Мотивы ускользающей жизни и бесконечно преследующих человека страхов пронизывают пьесу. Человек индустриального общества ничем не защищен. Анонимность, заданность и ограниченность существования порождают у обывателя обилие страхов-фобий, вынуждают свить вокруг себя толстый защитный кокон. Эти фобии осмыслены драматургом как явления метафизические: страх перед воскресеньем, страх, что кто-то схватит тебя за затылок и вдавит в стекло, страх человека споткнуться при каждом жизненном шаге.
Драматург создает целую вереницу щемящих пейзажей отчуждения человека от человека. Фиктивный диалог Лотты с соседями-призраками на курорте, ее прерванный диалог с обитателями комнат, каждый из которых привык «сам справляться со своими проблемами» и пресекает любое вторжение в его личный мир, разговор Лотты по домофону с близкой подругой, которой лень погружаться в чужую жизнь, переход Лоттиного диалога в бесконечный мучительный и путаный монолог, наконец, в галлюцинации и лихорадочный бред… Символом крайнего отчуждения предстает палатка, куда брошенная родителями девочка прячется от агрессивной действительности.
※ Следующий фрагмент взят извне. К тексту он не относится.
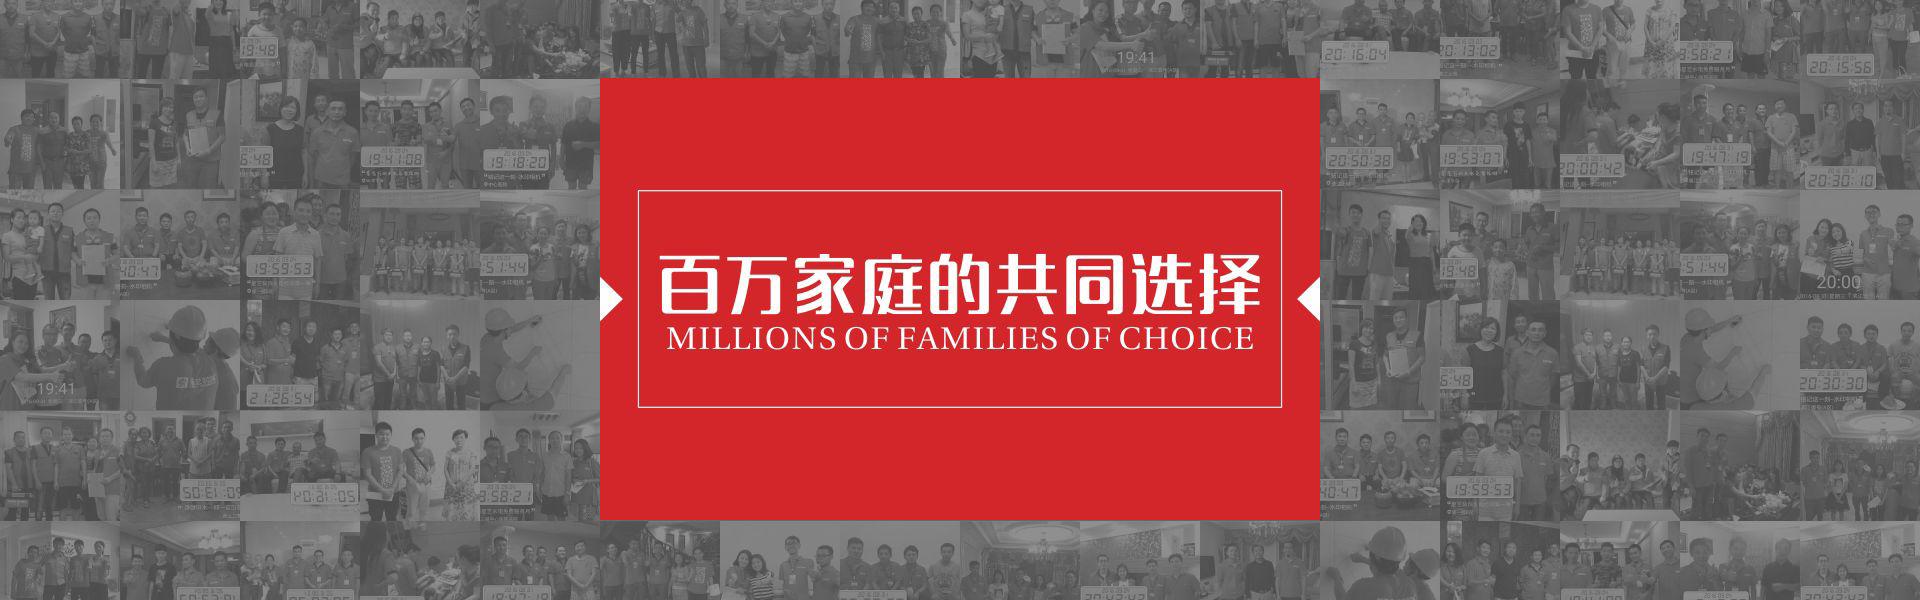 重庆家装公司为重庆一流的服务技术家装团队

В сущности, каждый здесь носит внутри себя такую палатку.
Снова и снова ищет наивная и незащищенная Лотта понимания, общения. Снова и снова входит она в чужие комнаты (типологическая ситуация пьесы). Но она везде лишняя, ее никто не ждет. Лотта — это Шен Те, лишенная Шуи Та, человеческой злой половины, и она, как замечает Гитарист, чрезмерно добра и тем самым создает проблемы. Обыкновенные обыватели, взрывчатая смесь апатии и агрессивности, гонят Лотту все быстрее и быстрее в направлении тупика. Она словно бы впустую проходит сквозь время и пространство, не оставляя и следа. Впрочем, одиночество оттачивает ее острый ум и делает ее чуть ли не домашним философом.
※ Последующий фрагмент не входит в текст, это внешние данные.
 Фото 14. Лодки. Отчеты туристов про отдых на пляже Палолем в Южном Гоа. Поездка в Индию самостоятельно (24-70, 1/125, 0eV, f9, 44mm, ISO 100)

Драматургически наиболее близким автору «Такой большой — и маленькой» оказывается опыт Чехова и Беккета. Щемящая неудовлетворенность жизнью, постоянная нервная перевозбужденность, переливы настроений, безуспешные, абсурдные попытки контакта и бегство от проблем в такой же степени свойственны героям Штрауса. «Как хорошо можно было бы жить сегодня рядом с милыми опустившимися интеллигентами Чехова! — признавался писатель в романе „Ошибка переписчика“ (1997). — Однако эти опустившиеся люди стали сегодня такими ожесточенно-немечтательными, трезвыми, просвещенными, совершенно несентиментальными. Задавленными до основания. Рабами проблем. Интеллектуальными руинами. Маленькими и крошечными куклами всеобщего, которые никогда не станут красивыми флегматиками, задумчивыми обманщиками самих себя». В этом смысле Лотта, конечно, фигура рудиментарная.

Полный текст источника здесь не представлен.